# I'm getting really sick of this



## cooper.mayberry (Feb 8, 2016)

I have had Africans for a little while now but they have always been malawis, I sold them all due to their aggression and started keeping tropheus because they are so beautiful and I have been told they are not aggressive, I had 4 baby Bemba reds then I bought another 6 from my lfs in the intent to breed them, they are fully grown and bigger than I thought. I am so frustrated as these are by far the most aggressive fish I have ever kept they will not get along no matter how many times o Rearrange the tank(giving lots of hiding spots then none) but they will continue to bully each other, I am getting no where with breeding them and I really just want to k ow how to make them stop attacking each other. Someone please help.


----------



## noddy (Nov 20, 2006)

Groups of 18 minimum in a 75g tank would be one way. I personally kept mine in 5' tanks with at least 30 adults per tank.


----------



## dledinger (Mar 20, 2013)

I'm curious what you have them in, and I agree, 10 is likely too few. I have 29 Duboisi in a 60 gallon right now and they're growing quick. It's my first tropheus colony and so far so good.


----------



## cooper.mayberry (Feb 8, 2016)

I have them in a 200 litre 4ft tank and they are very very large, around about 20 cm, I have removed a lot of the rock work and they seem a bit happier and more calm but the occasional attack really annoys me so I remove that fish, he's the biggest, then the next biggest is even more brutal. I have four filters on it currently, 2 hob filters that filter about 400-500 litres per hour, 2 internal ones, one that filters 300-400 litres and finally a very large internal filter that filters 1000 litres an hour, I am planning on getting a canister filter too but I have been told you can have too much filtration so I'm still researching.


----------



## JimA (Nov 7, 2009)

Plain and simple you probably need a bigger tank, and more fish.


----------



## fmueller (Jan 11, 2004)

No question about it, 200L is too small for Tropheus. You are not going to have any fun with this tank. Also, whoever told you Tropheus are not aggressive was full of it. They are like mbuna on steroids. But you found that out for yourself by now.
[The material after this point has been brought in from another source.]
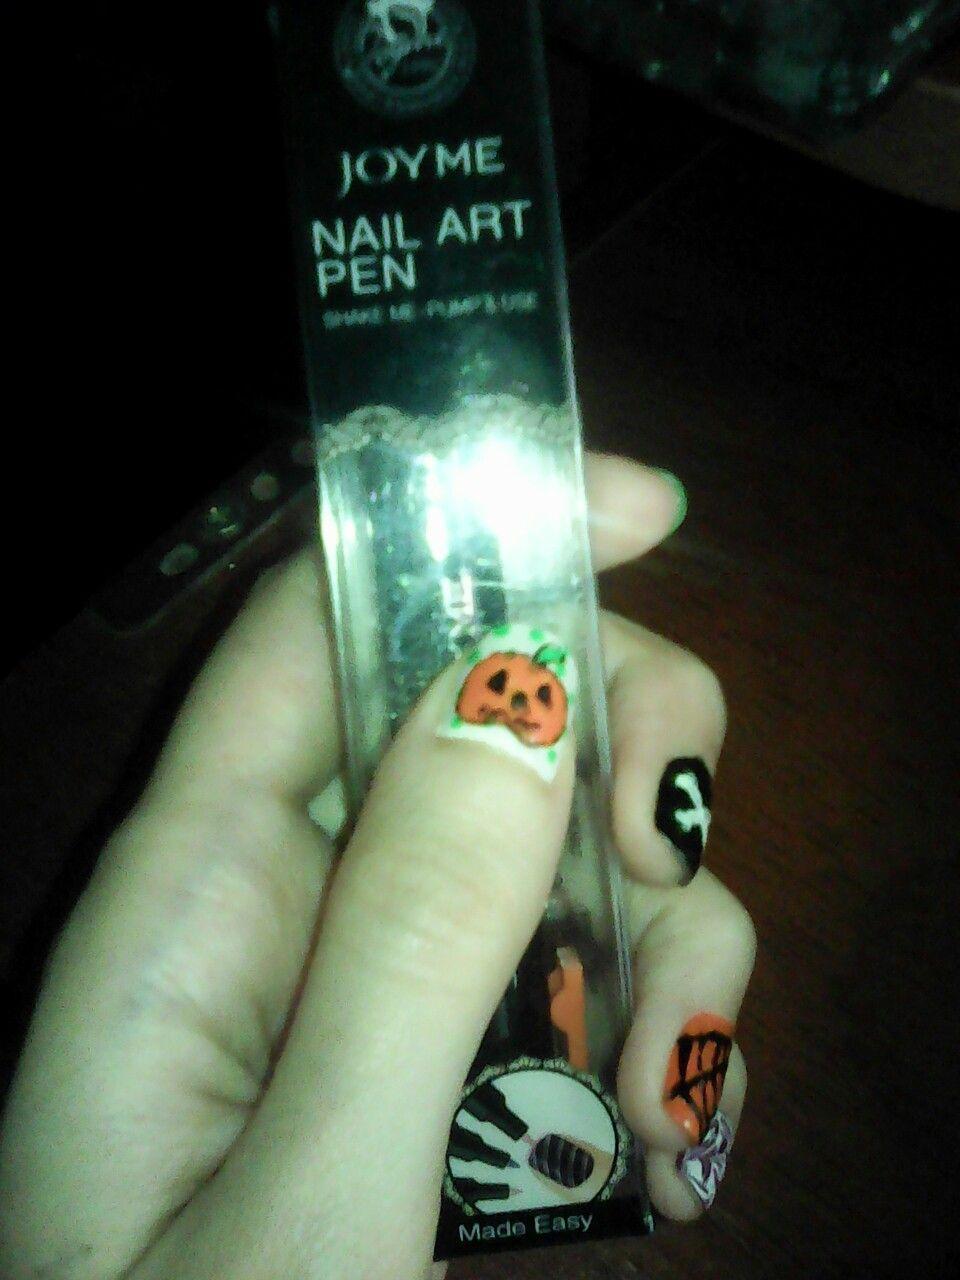 Pin de ClauX999 en My Nail Art and others   Pinterest

I feel with you though, my last colony of Tropheus I had in Ohio - 28 Kaiser I in a 125G. I am thinking about getting Tropheus again in Auckland now, but where to get 20 Tropheus in NZ? I don't think I've ever seen more than 10 for sale, and a simple Duboisi costs ten times what you pay for the fancy varieties in the US!
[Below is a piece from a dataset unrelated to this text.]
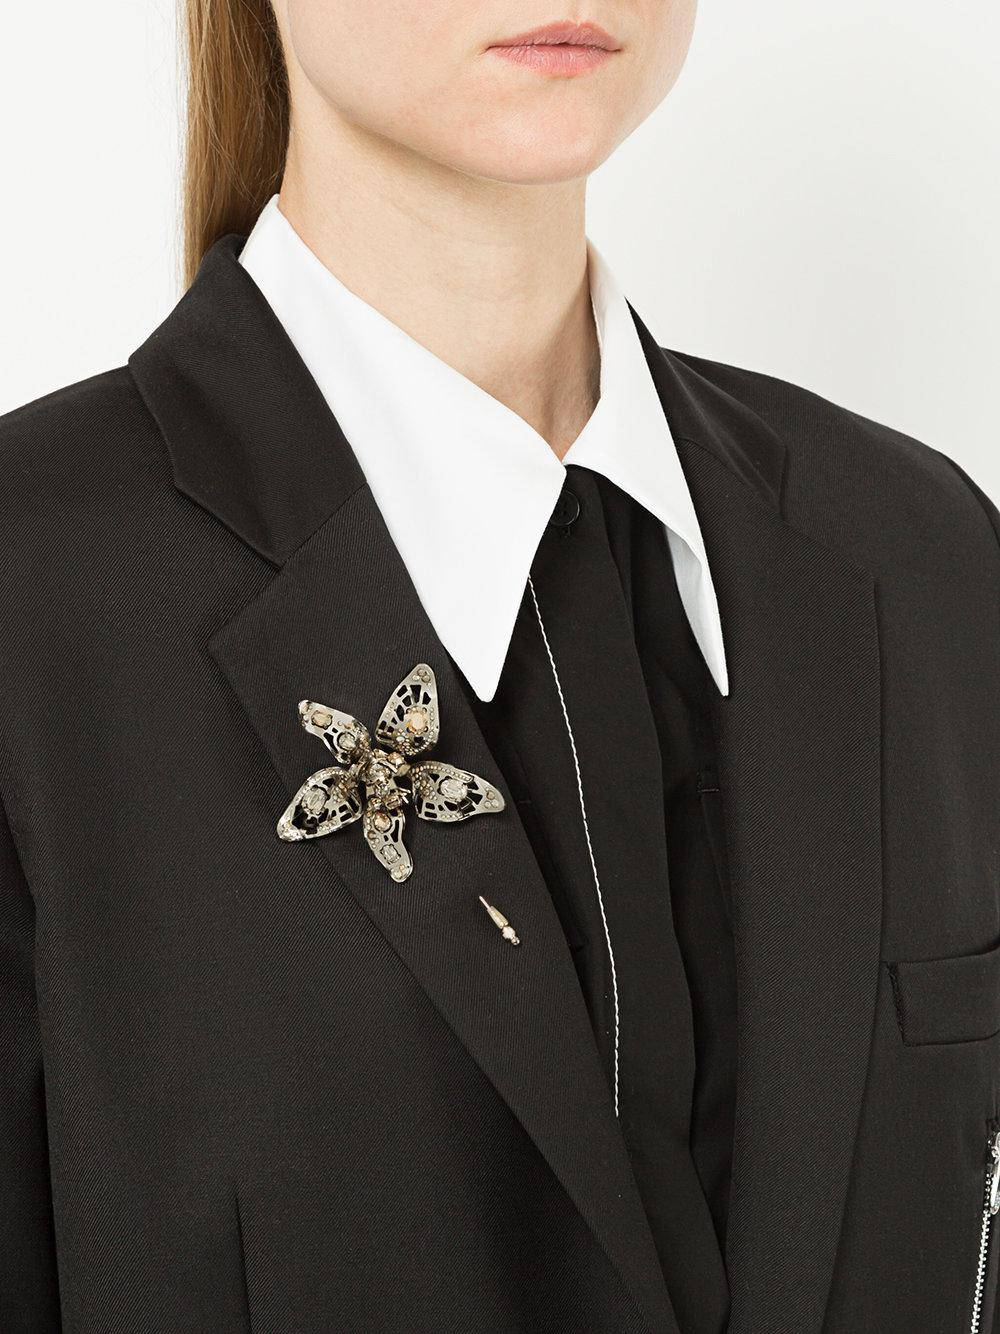 Lanvin Leather Crystal-embellished Flower Brooch in Metallic

A last word of advice, create a strong current in your tank. Not all fish like this or can cope with it, but tropheus do and can. It helps a lot with aggression control if the one in pursuit gets swept away by the current before it can get to the other one :lol:

And before somebody says that is cruel, Tropheus live in the rocks where big waves hit the shore, so they are used to wicket currents swirling them around. Mine really seemed to go for it, and in a long tank with current on one side and less on the other, they chose to hang out on the side with the action!


----------



## Razzo (Oct 17, 2007)

Always had an itch to try Trophs. This thread is making me want to setup a spare 125 gallon tank for them :lol:


----------



## fmueller (Jan 11, 2004)

Razzo - in a 125G in a large group (25-30), they are just pure fun. You are bound to enjoy it!


----------



## BuckeyeTez (May 10, 2016)

Razzo said:


> Always had an itch to try Trophs. This thread is making me want to setup a spare 125 gallon tank for them :lol:


I wish I had a "spare" 125g tank laying around!


----------